Ethereum will not live or die because of the money in it. It will live or die based on the developers who are fighting for it.

The league of white-hats who came together and defended the vulnerable wallets didn’t do it for money. They did it because they believe in this ecosystem. They want Ethereum to thrive. They want to see their vision of the future come true. And after all the speculation and the profiteering, it’s ultimately these people who are going to usher the community into its future. They are fundamentally why Ethereum will win in the long run—or if they abandon Ethereum, their abandonment will be why it loses.

This attack is important. It will shake people up. It will force the community to take a long, hard look at security best practices. It will force developers to treat smart contract programming with far more rigor than they currently do.

But this attack hasn’t shaken the strength of the builders who are working on this stuff. So in that sense it’s a temporary setback.
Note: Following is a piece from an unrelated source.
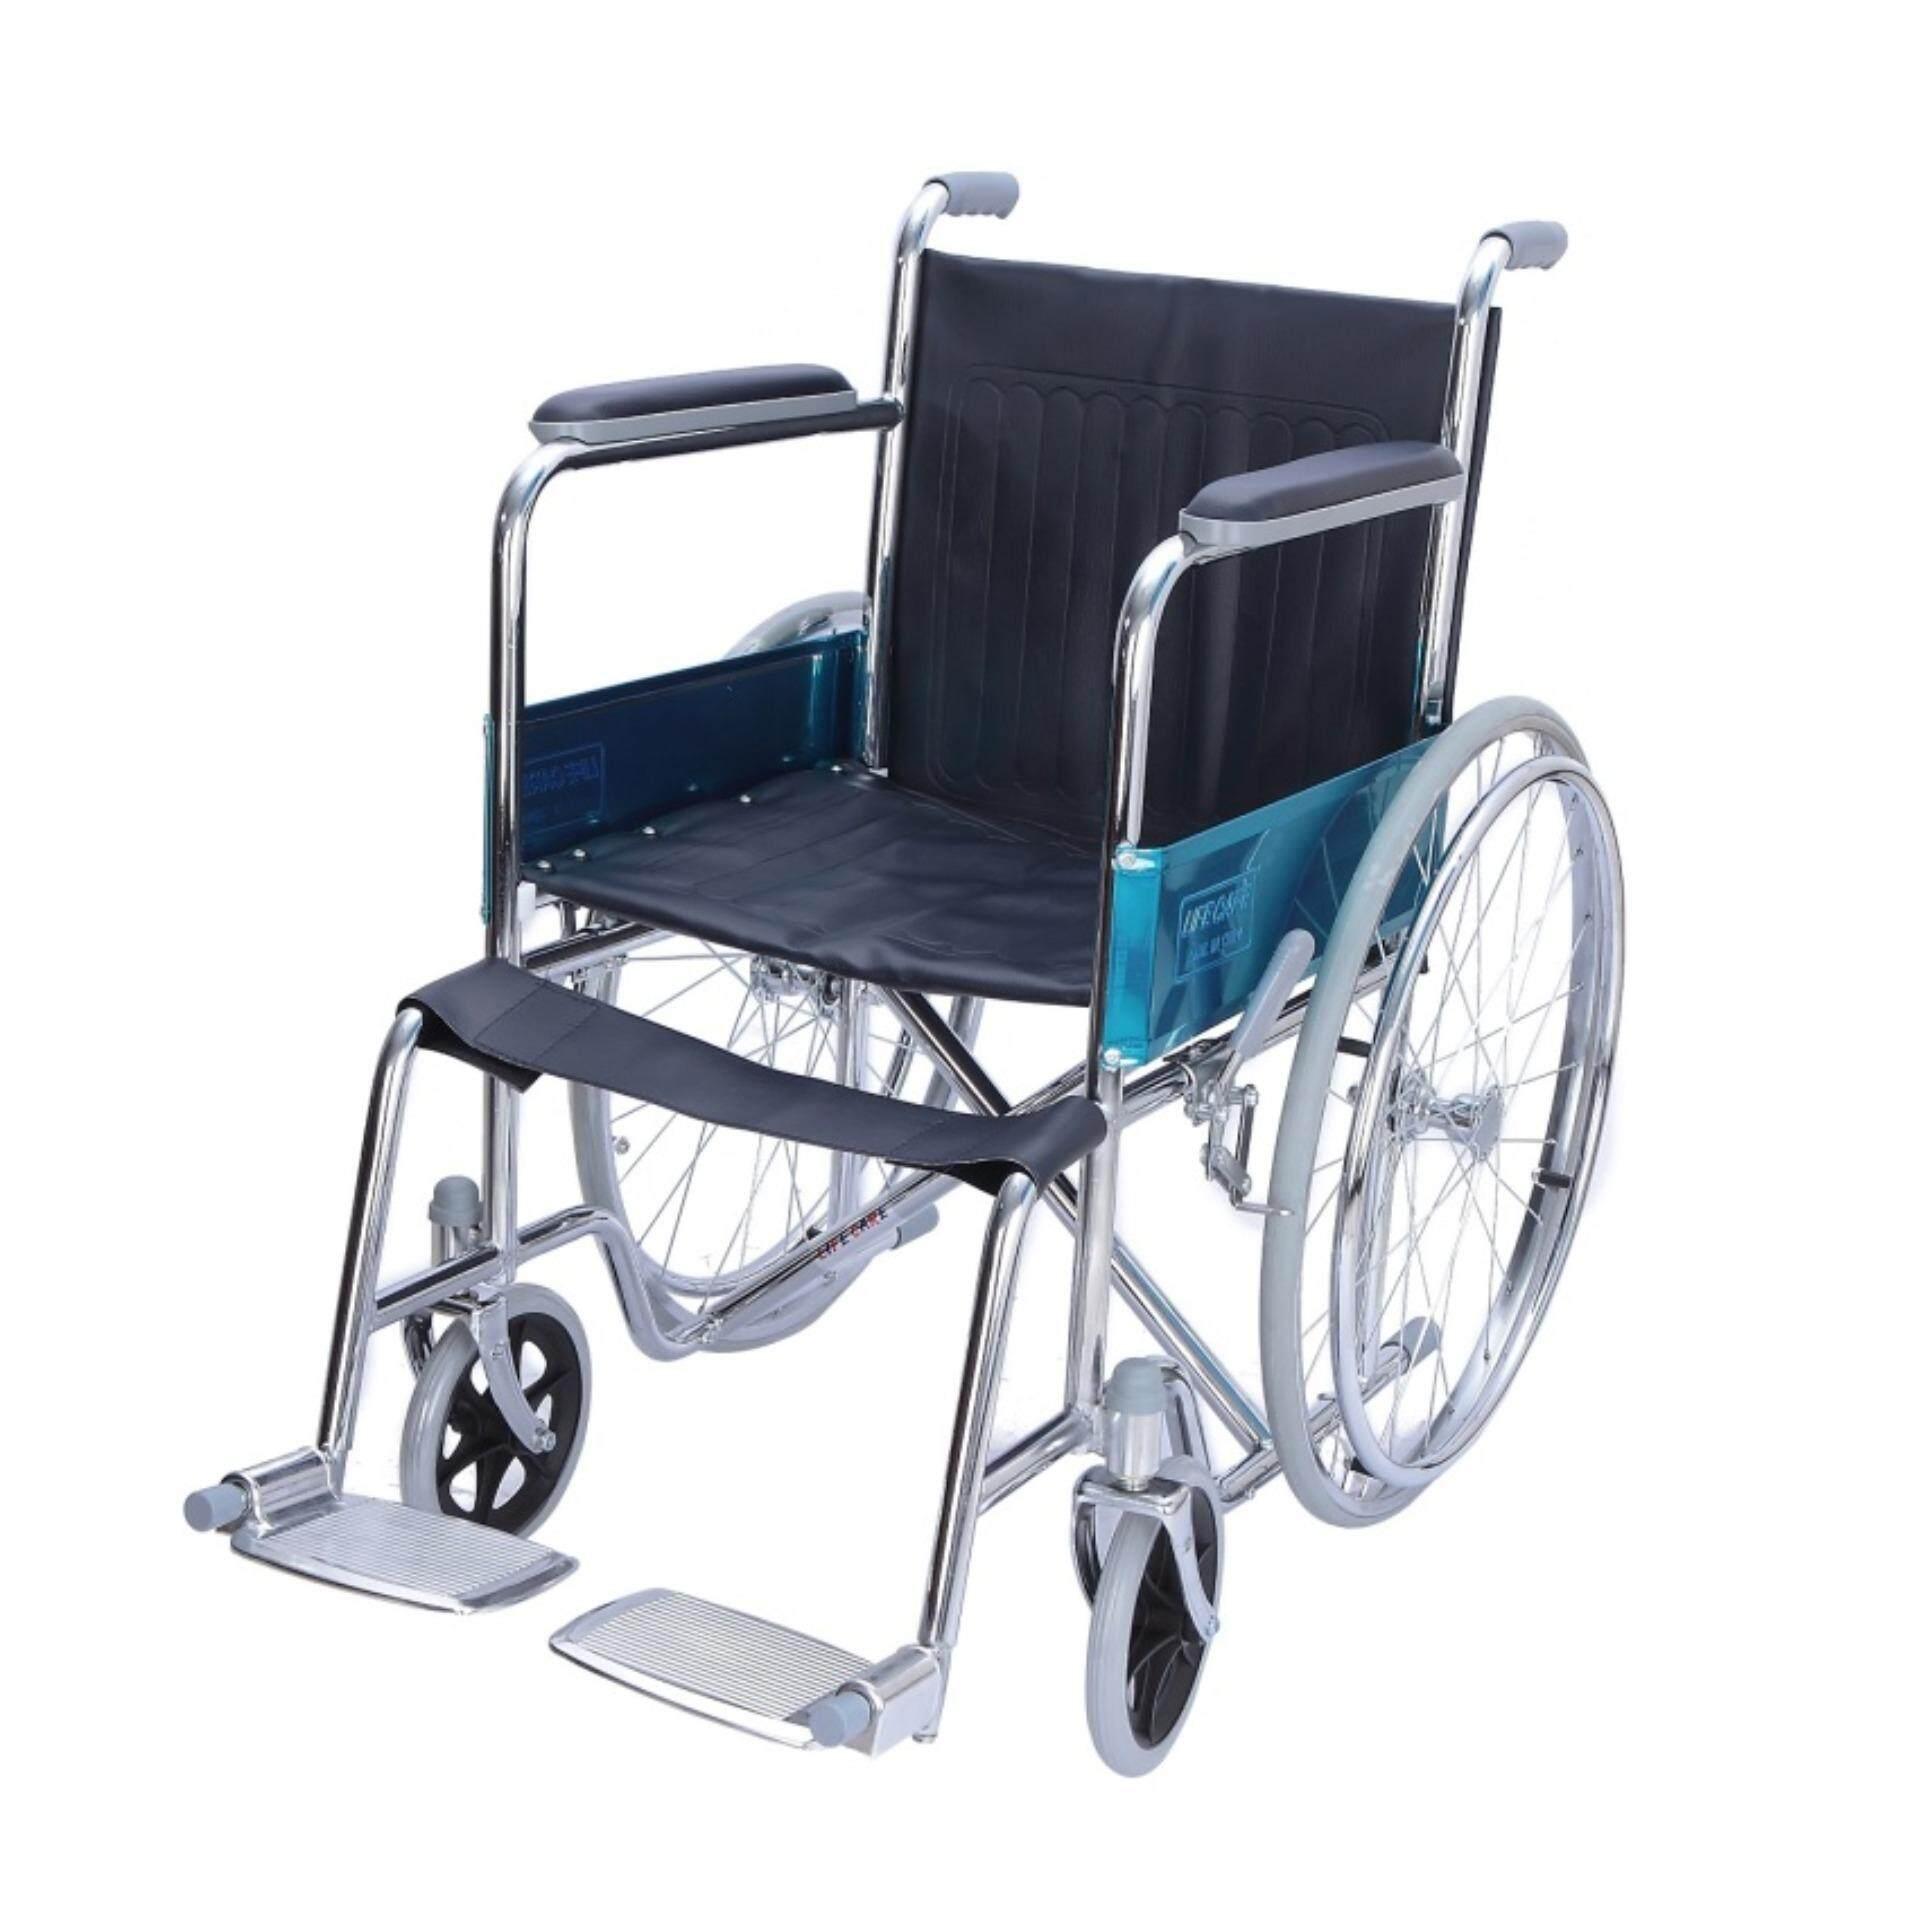 ขายดีมาก! AOLIKE  Wheelchair วีลแชร์ รถเข็นผู้ป่วย พับได้ โครงเหล็กชุบโครเมี่ยม รุ่น ALK809-46

In the end, attacks like this are good for the community to grow up. They call you to your senses and force you to keep your eyes open. It hurts, and the press will likely make a mess of the story. But every wound makes the community stronger, and gets us closer to really deeply understanding the technology of blockchain — both its dangers, and its amazing potential.

P.S. If you’re a dev and you want to learn more about smart contract security, this is a really good resource.

Errata: This article originally said that Gavin Wood was the developer of the contract, which is incorrect. Gavin is the founder of Parity and pushed the fix to the contract, but was not the original developer. It also originally claimed that $77M additional funds were vulnerable, but this doesn’t count all of the ERC20 (ICO) tokens that were vulnerable. The total amount is actually $150,000,000+ if you include all ERC20 tokens. As of the time of writing this (July 21st 4PM EST), the total value of the assets saved by the white-hats was $179,704,659.